Add `DispatchSegmentedTopK` that's flexible enough to cover arbitrary per-segment and uniform parameter combinations

### Context
[https://github.com/NVIDIA/cccl/issues/5673](https://github.com/NVIDIA/cccl/issues/5673) lists an extensive feature matrix for `DeviceSegmentedTopK`. We need a `DispatchSegmentedTopK` layer that is flexible enough to cover this wide range of use cases across different domains, while simultaneously allowing optimum performance for targeted workloads.

### Goals
There are two main goals we want to achieve with a flexible `DispatchSegmentedTopK` design:
1.  **Arbitrary Parameter Mixtures:** Support any combination of segment-specific parameters and parameters that are uniform across all segments.
2.  **Targeted Optimization:** Enable peak performance for workloads with narrow constraints (e.g., a fixed segment size of 512 and `K=128`).

### Segment-Specific vs. Uniform vs. Static Parameters
Segmented Top-K depends on three key parameters: `k` (items to select), `segment size`, and `sort direction`. To support the goals above, each of these must be specifiable in three ways:

1.  **Uniform:** The same value applies to all segments (e.g., "Get top-5 for all segments").
2.  **Segment-specific:** Values vary per segment (e.g., "Segment 0 needs top-5, Segment 1 needs top-2").
3.  **Static:** Values are known at compile-time (e.g., "K is always 32").

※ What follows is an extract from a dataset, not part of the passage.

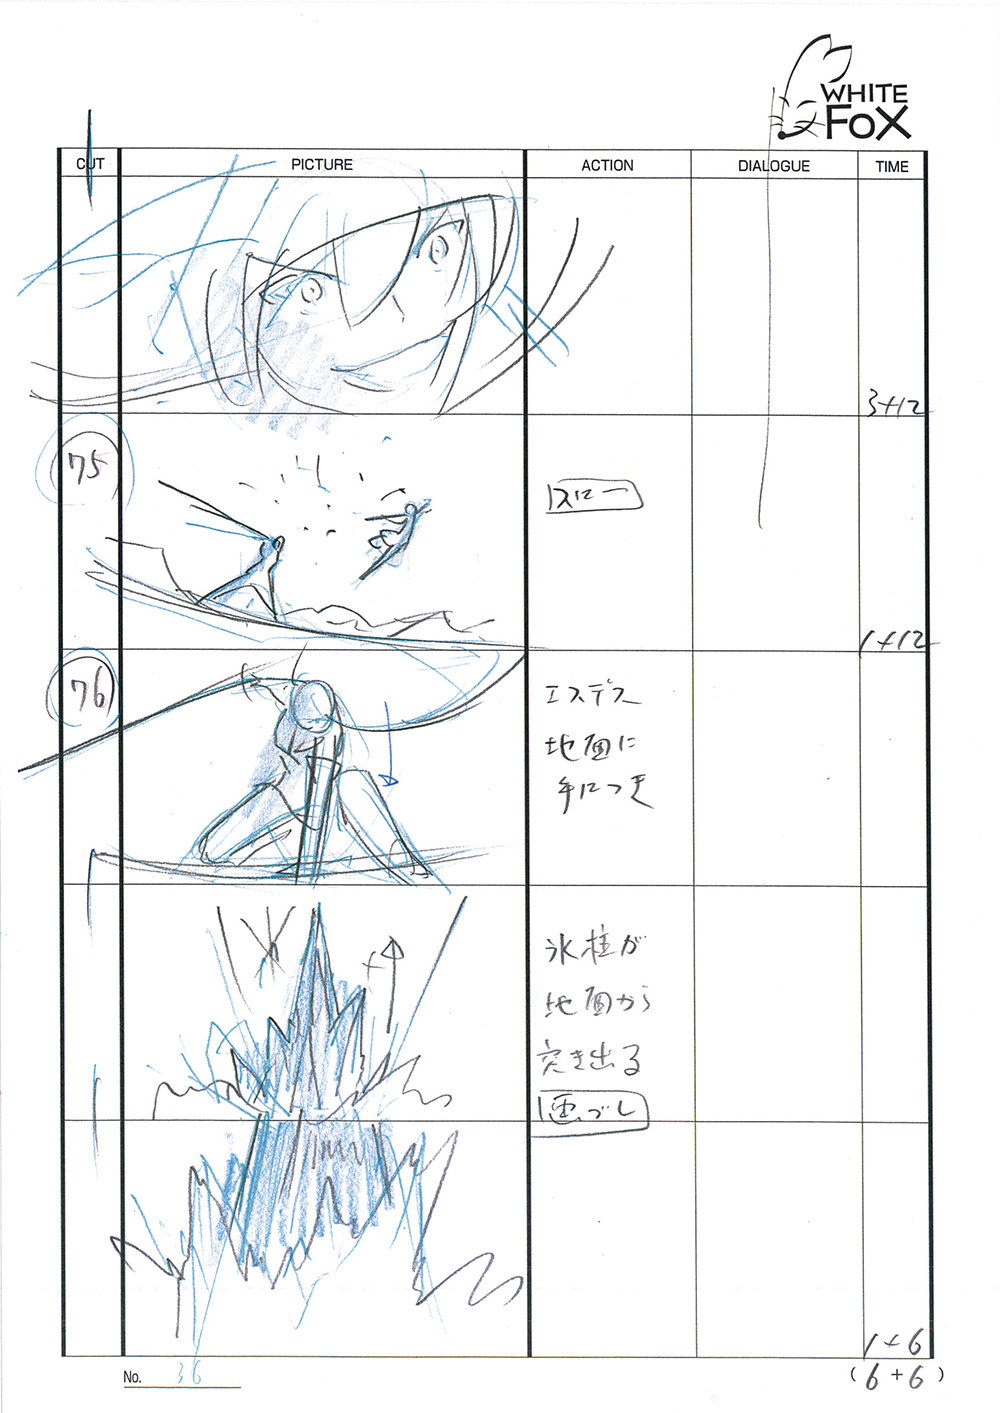 Akame ga Kill Episode 24 Storyboard Leak 038

Additionally, users should be able to provide the `number of segments` as either a device-accessible iterator or a host value. Furthermore, if users can guarantee an upper bound on the total number of items (summed across all segments), we can optimize the allocation of temporary buffers for intermediate results (similar to CUB's existing sorting algorithms).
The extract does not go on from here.